The Catalans were so good on the day that the score could’ve been seven or eight and no one would’ve batted an eyelid.

Julen Lopetegui could never recover from such a hammering and was swiftly sent packing to be replaced as coach by Real Madrid Castilla’s Santiago Solari.

Defeats at Eibar and against CSKA Moscow are a particularly painful memory, but suggestions that Florentino Perez got the appointment wrong are wildly inaccurate.

Solari only has two more losses to his record, against Real Sociedad and Leganes, with the latter coming in a Copa del Rey tie that had been won in the first leg.

Indeed, aside from those results and a draw at Villarreal, heading into the Barcelona game on Wednesday Solari had won 18 of his 23 games in charge. That’s hardly sackable form!

Perhaps the absurd belief that the Argentinian was somehow out of his depth perpetuated the notion that Los Blancos were heading for another hiding in Catalonia, but that was never going to happen.

Real are playing their best football of the season, and that’s largely due to the bravery of their coach, and in stark contrast to some of the decisions his predecessor made. Or didn’t make more to the point.

Though leaving Isco out consistently is a little baffling, putting Vinicius Junior and Marcos Llorente into the mix deserves the plaudits. Both have responded wonderfully well to their coach’s faith and neither looked out of place against Barcelona.

In fact, the Brazilian was Real’s chief threat for long periods, and only his decision making at crucial points of the match let him down. Let’s not forget of course that he’s only 18 and showed no fear on his first Clásico appearance.

When Llorente was forced off with Casemiro replacing him, Barca were handed the advantage. The security that the youngster had afforded his team to that point had disappeared.

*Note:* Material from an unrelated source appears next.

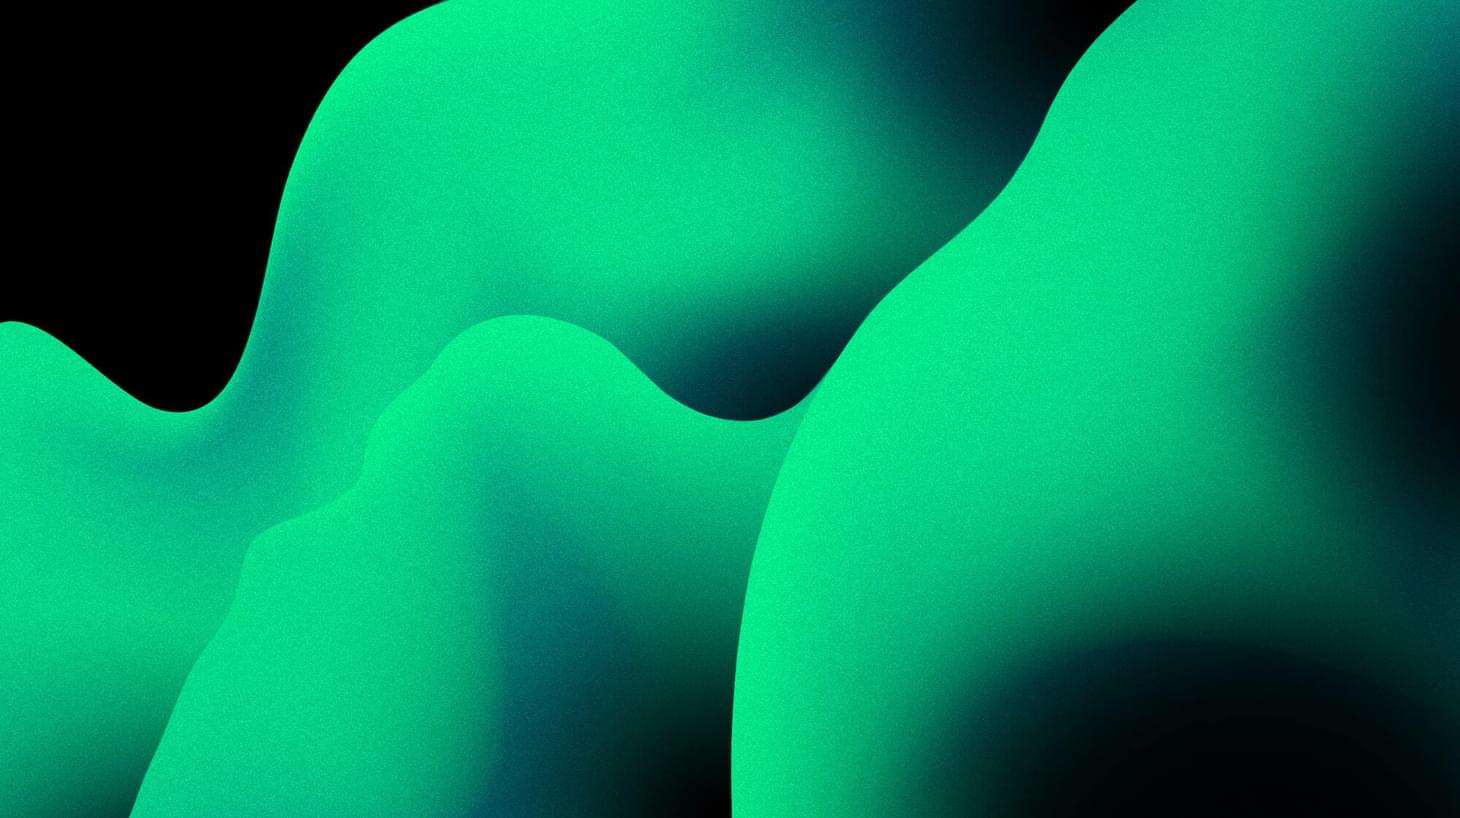 A textural image, green waves on black

Leaving out Marcelo wasn’t an option on this occasion, but Solari has preferred Sergio Reguilon to the vice-captain over recent matches.

It takes guts to go with your instincts, especially when senior players are involved and particularly at a big club that’s so riddled with internal politics.

A coach will live or die by those decisions and, as we saw with Lopetegui, some won’t make them at all.

Solari’s courage of his convictions not only saw his team dominate Barcelona for long periods but has put Los Blancos in the box seat ahead of the second leg.

The last team to knock the Blaugrana out of the Copa del Rey (way back in 2014) was… you’ve guessed it, Real Madrid, and the incentive to stop them becoming the first team in history to win the title five years in a row will be all the motivation that Solari needs to fire his players up for the return.

A second title under him could finally be the turning point he needs to convince any lingering doubters as to his suitability for the position.